## Recorded information
......
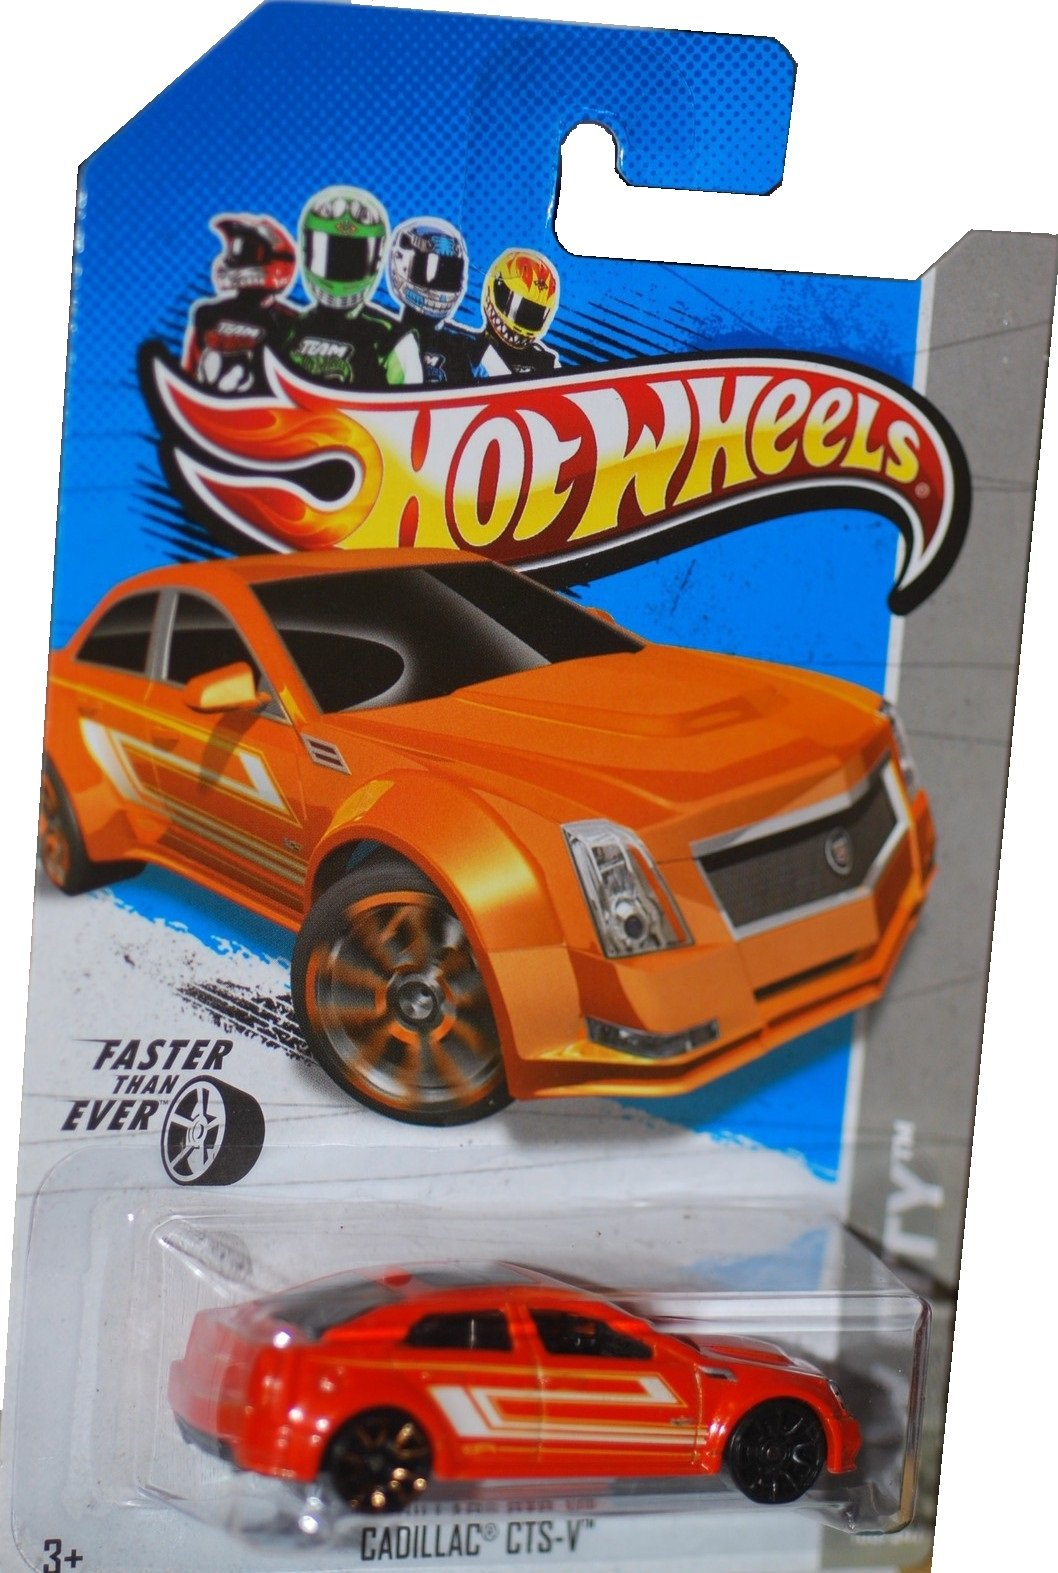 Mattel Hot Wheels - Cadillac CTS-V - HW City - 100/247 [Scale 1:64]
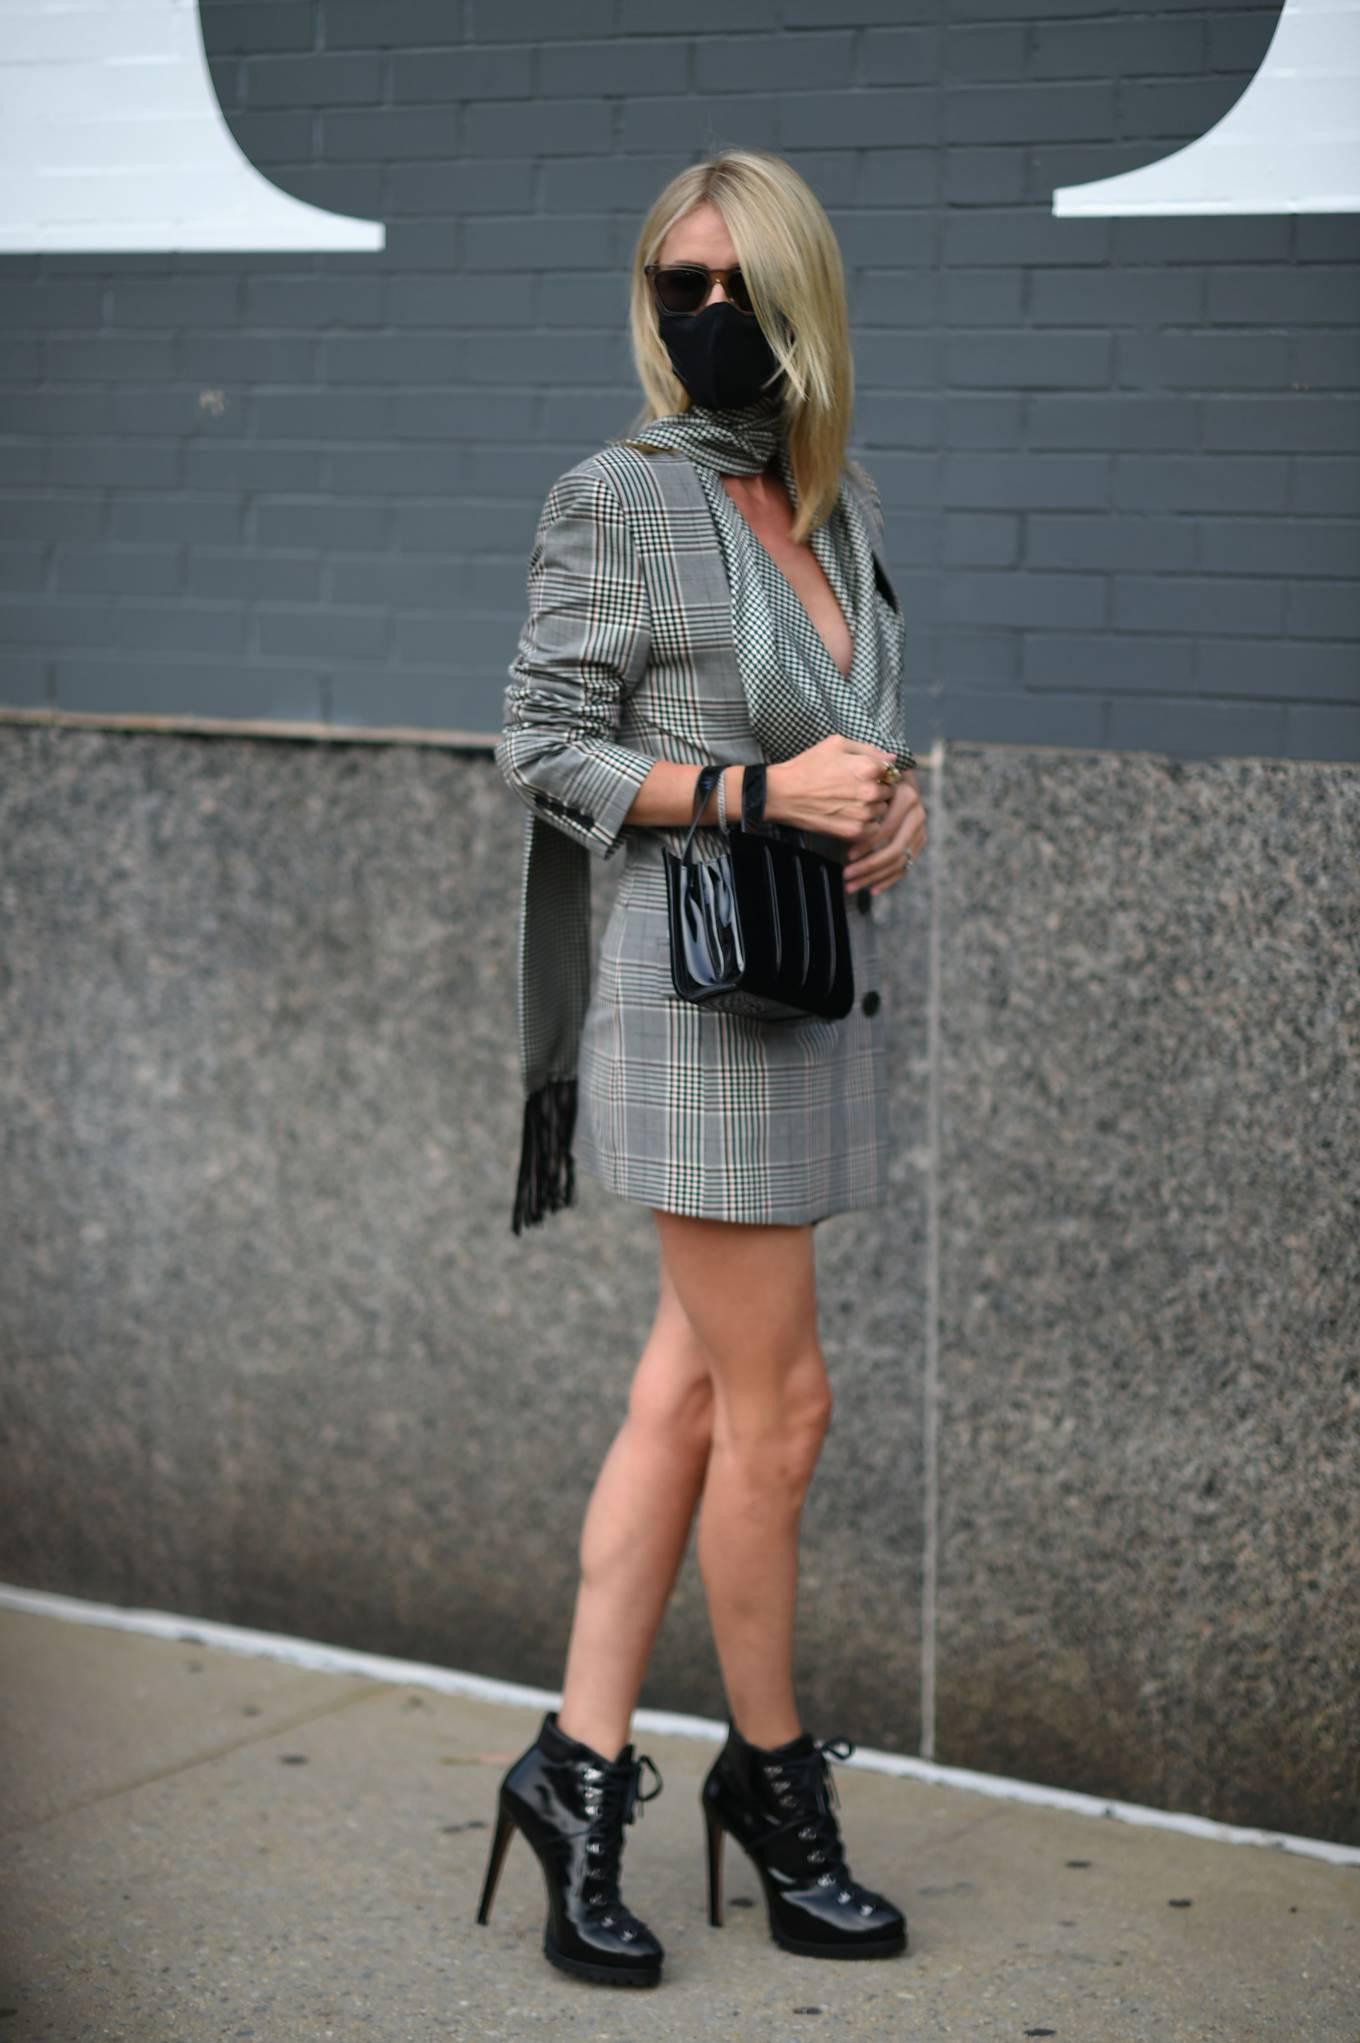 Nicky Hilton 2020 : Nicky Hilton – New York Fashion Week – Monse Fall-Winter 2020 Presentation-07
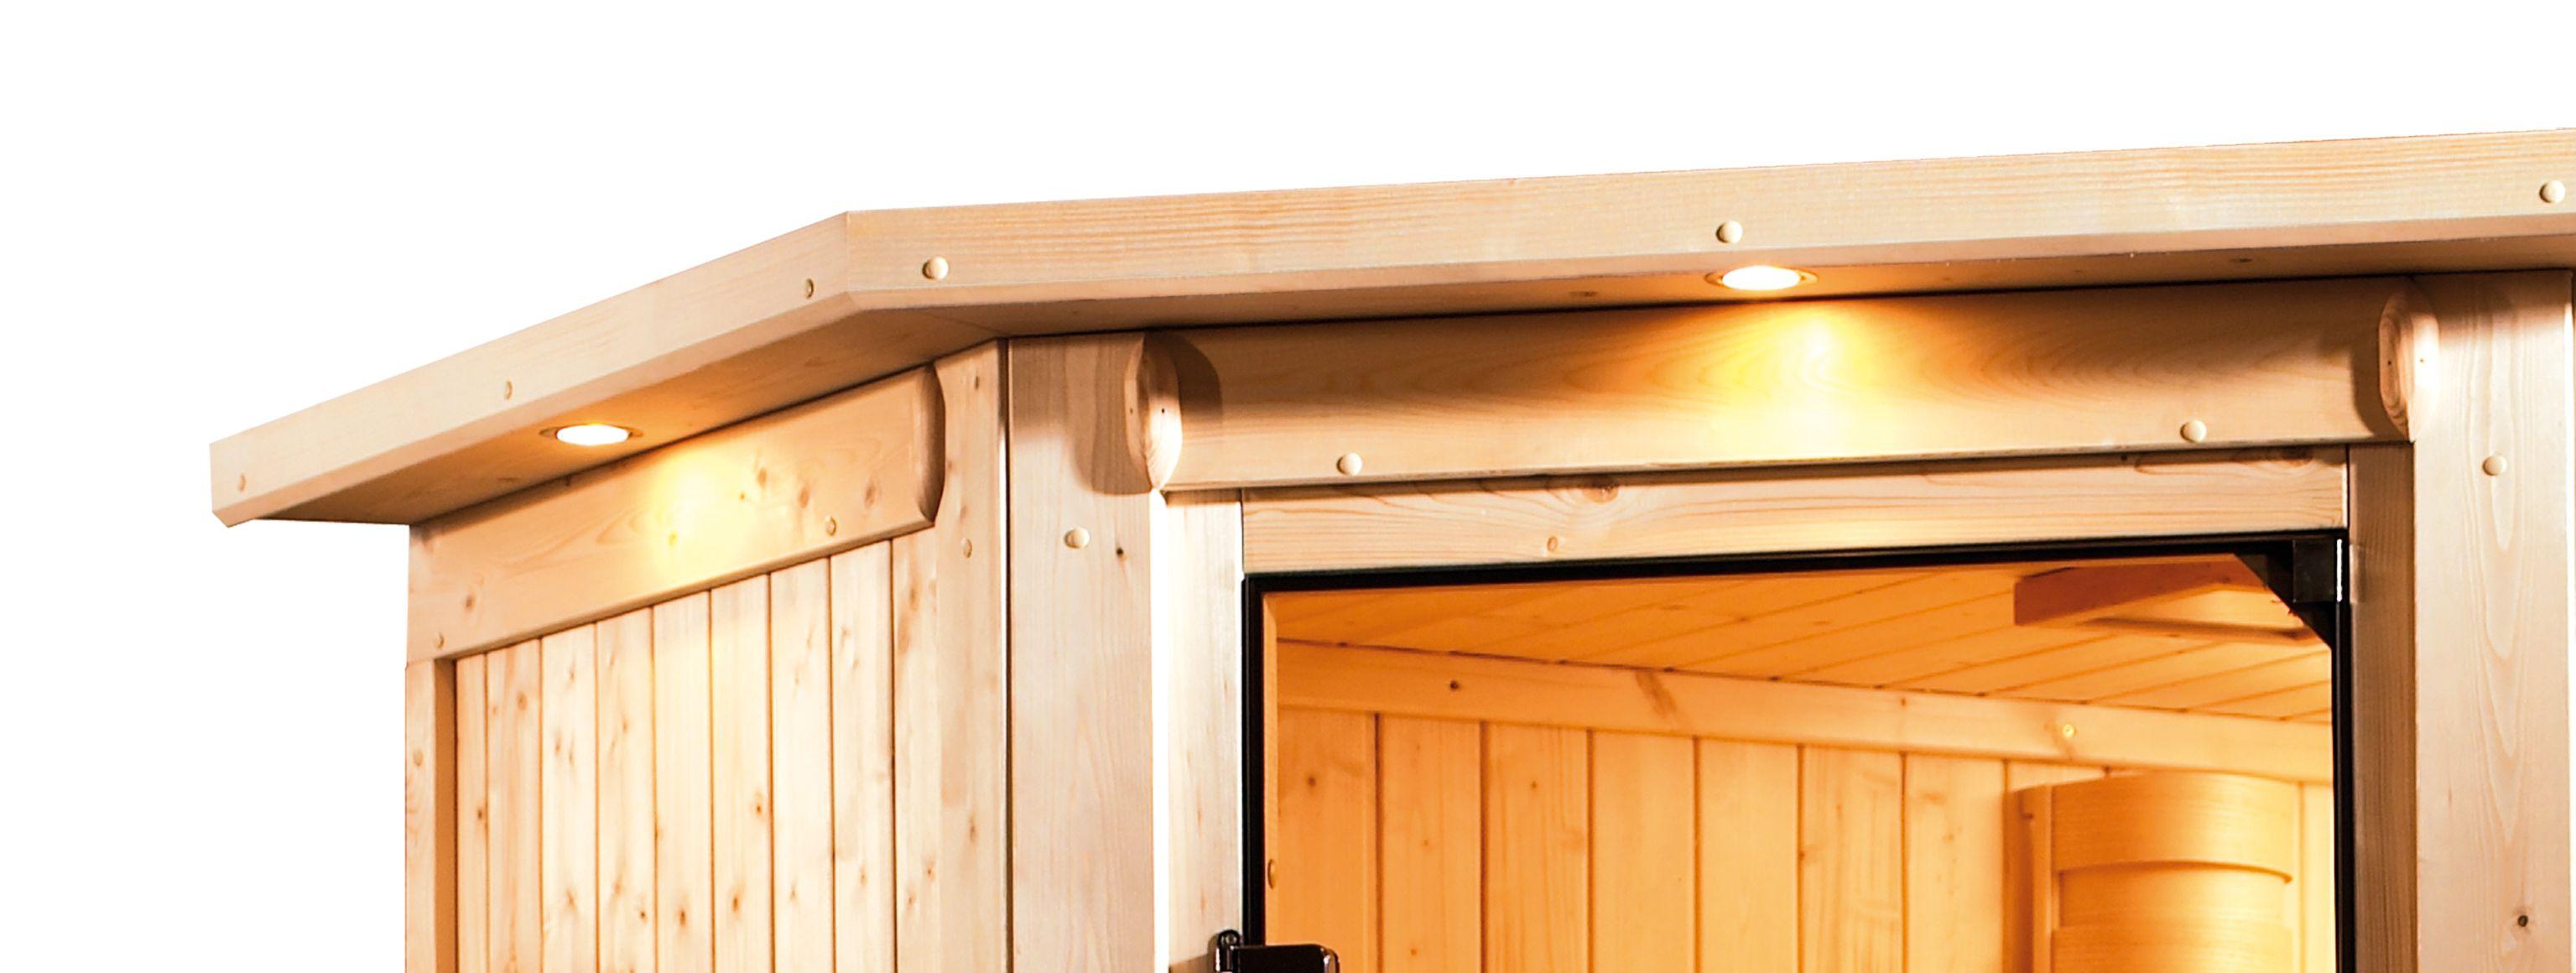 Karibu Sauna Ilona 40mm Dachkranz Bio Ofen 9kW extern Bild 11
......
## Exercise goal
The expected answer is the lines from the one that has "Nicky Hilton 2020" to the end of the listing, transcribed exactly, with pictures left out and no other line added.

## Your response
 Nicky Hilton 2020 : Nicky Hilton – New York Fashion Week – Monse Fall-Winter 2020 Presentation-07
 Karibu Sauna Ilona 40mm Dachkranz Bio Ofen 9kW extern Bild 11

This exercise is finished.